To refresh my long-forgotten ability to use logarithm tables I recreated the four-place one I used at school - by W.M.Bradis. (beware of typos in the scanned edition! my recreation is more reliable :D )

Then I tried to solve the division step of some all-Haversine azimuth calculation - which involved the divident == 0,2410 and the divisor == 0,3271.

0,2410 = 2,410·10^-1; 0,3271 = 3,271·10^-1

These "minus one" powers of ten mean that the logarithms of both numbers will have the "bar one" prefixes further denoted as "/1".

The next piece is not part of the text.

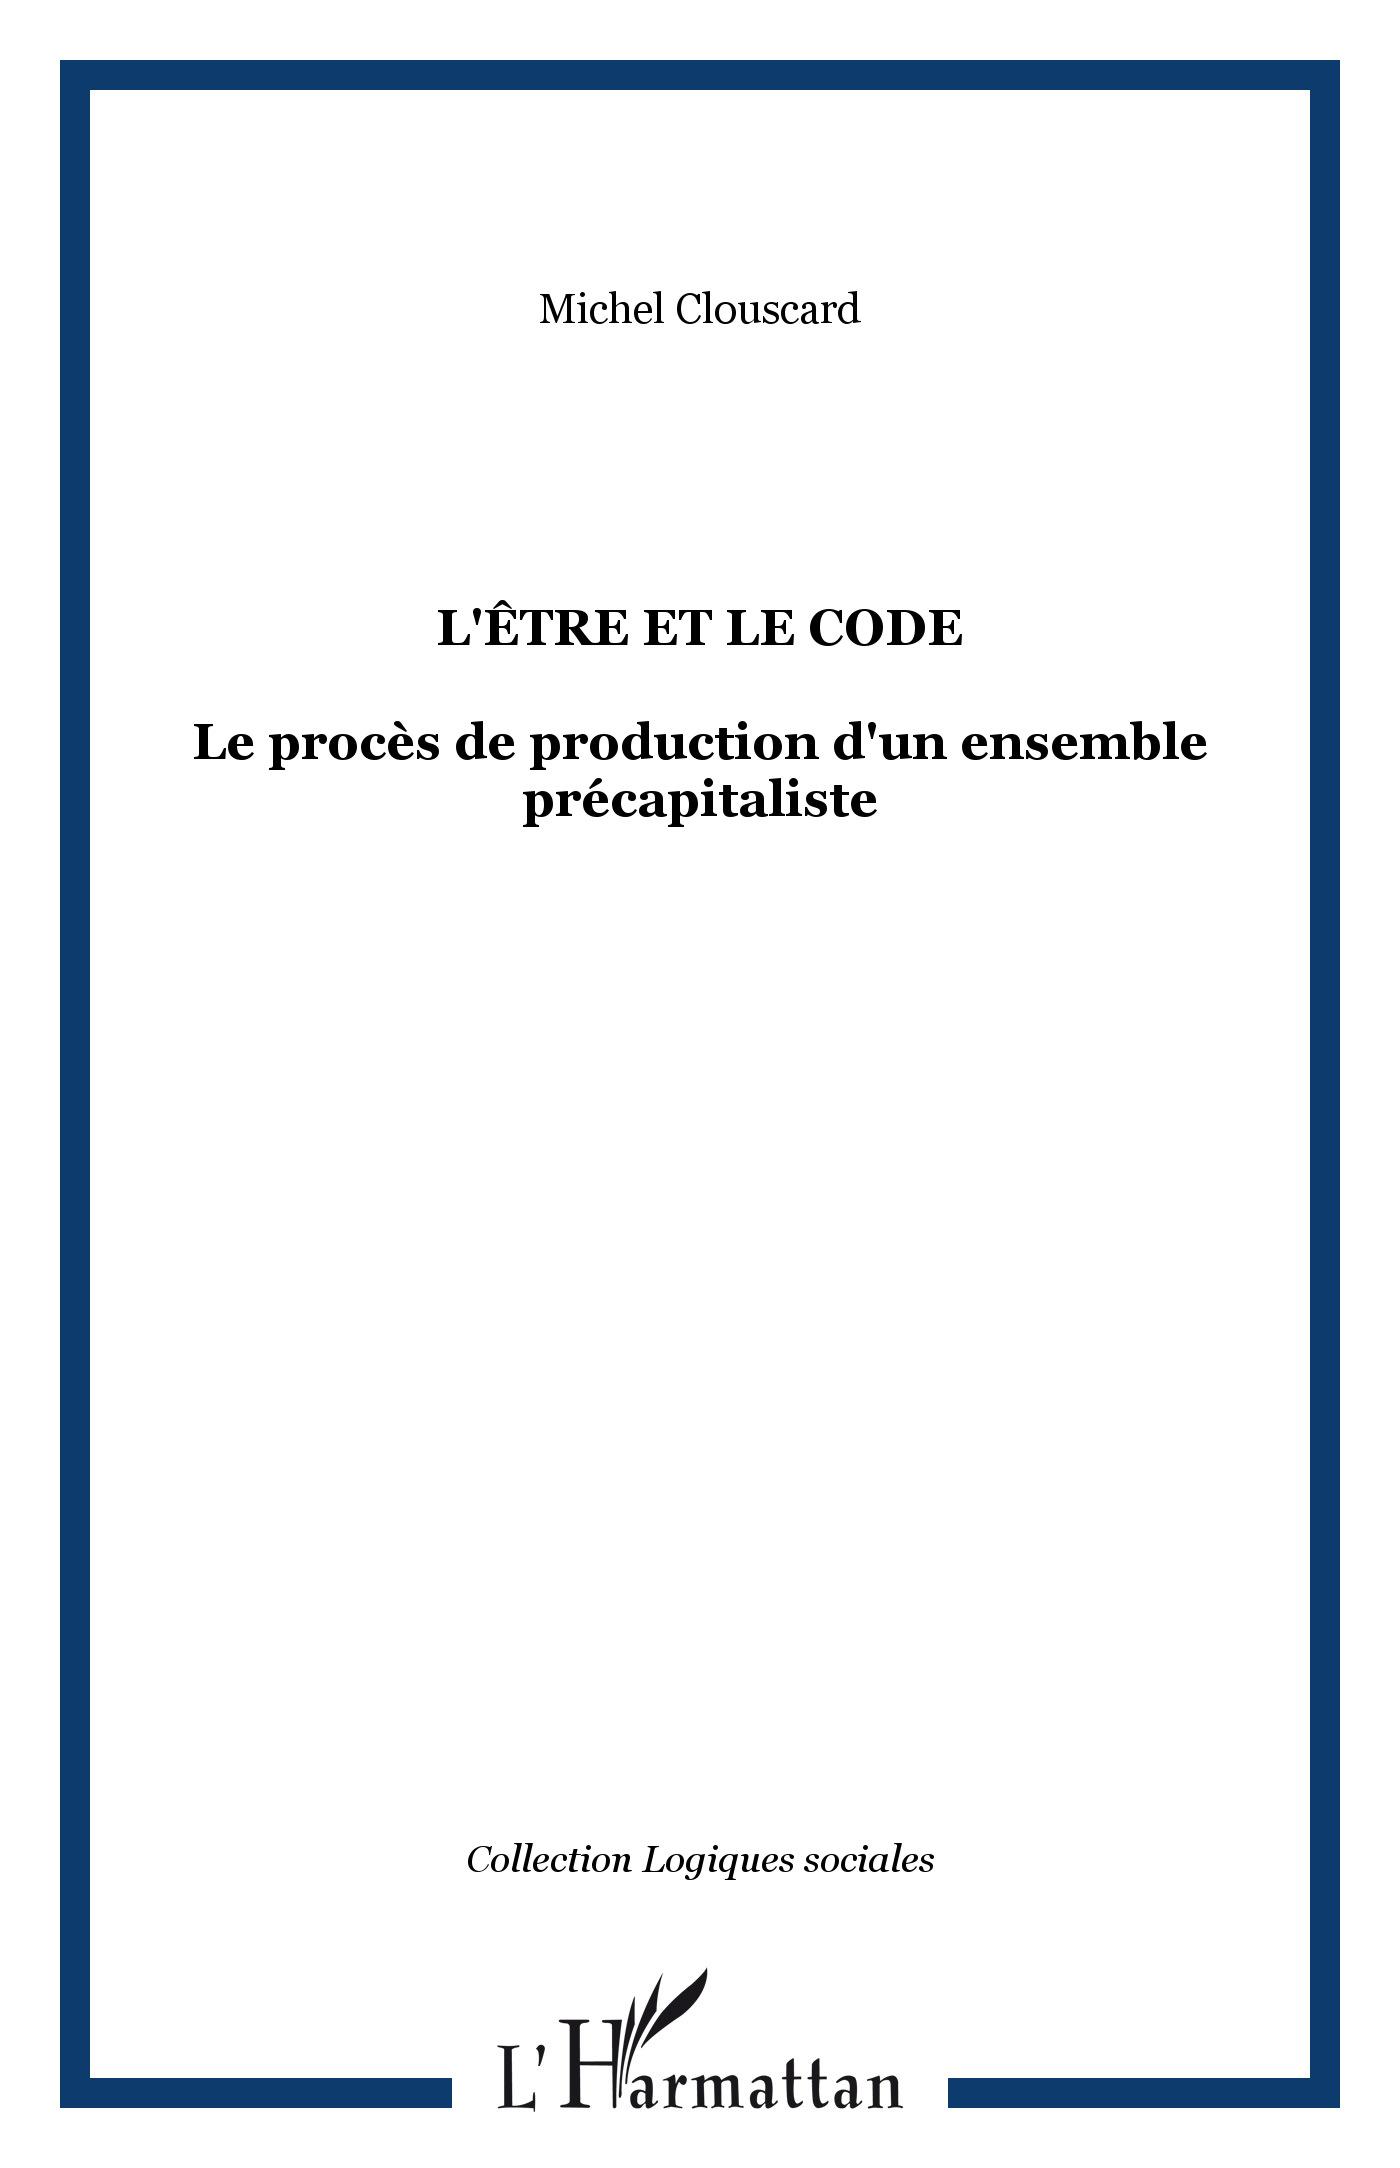 L'être et le code - Michel Clouscard

log(0,2410) = /1,3820; log(0,3271) = /1,5146

Now the subtraction step:

/1,3820

-

/1,5146

______

/1,8674

The resulting "bar one" prefix is born when I borrow from the minuend's characterisic digit - the "minus one", making it "minus two", then subtrahend's "bar one" changes its' sign and becomes "plus one": -2 + 1= -1, thus the "bar one" in the result.

Note that the fractional part is exactly the mantissa of the result, ready to be reverse-looked-up in the table - for exponentiation.

Now exponentiating the resulting mantissa (the 0,8674) I get 7,369. The "bar one" characteristic means that the result actually is 7,369·10^-1, or 0,7369.

This is how I did calculations until electronic calculators and computers made me lazy and stupid...

I wonder how the "10+" logarithms would work in this example?

Warm regards,
Tony
60°N 30°E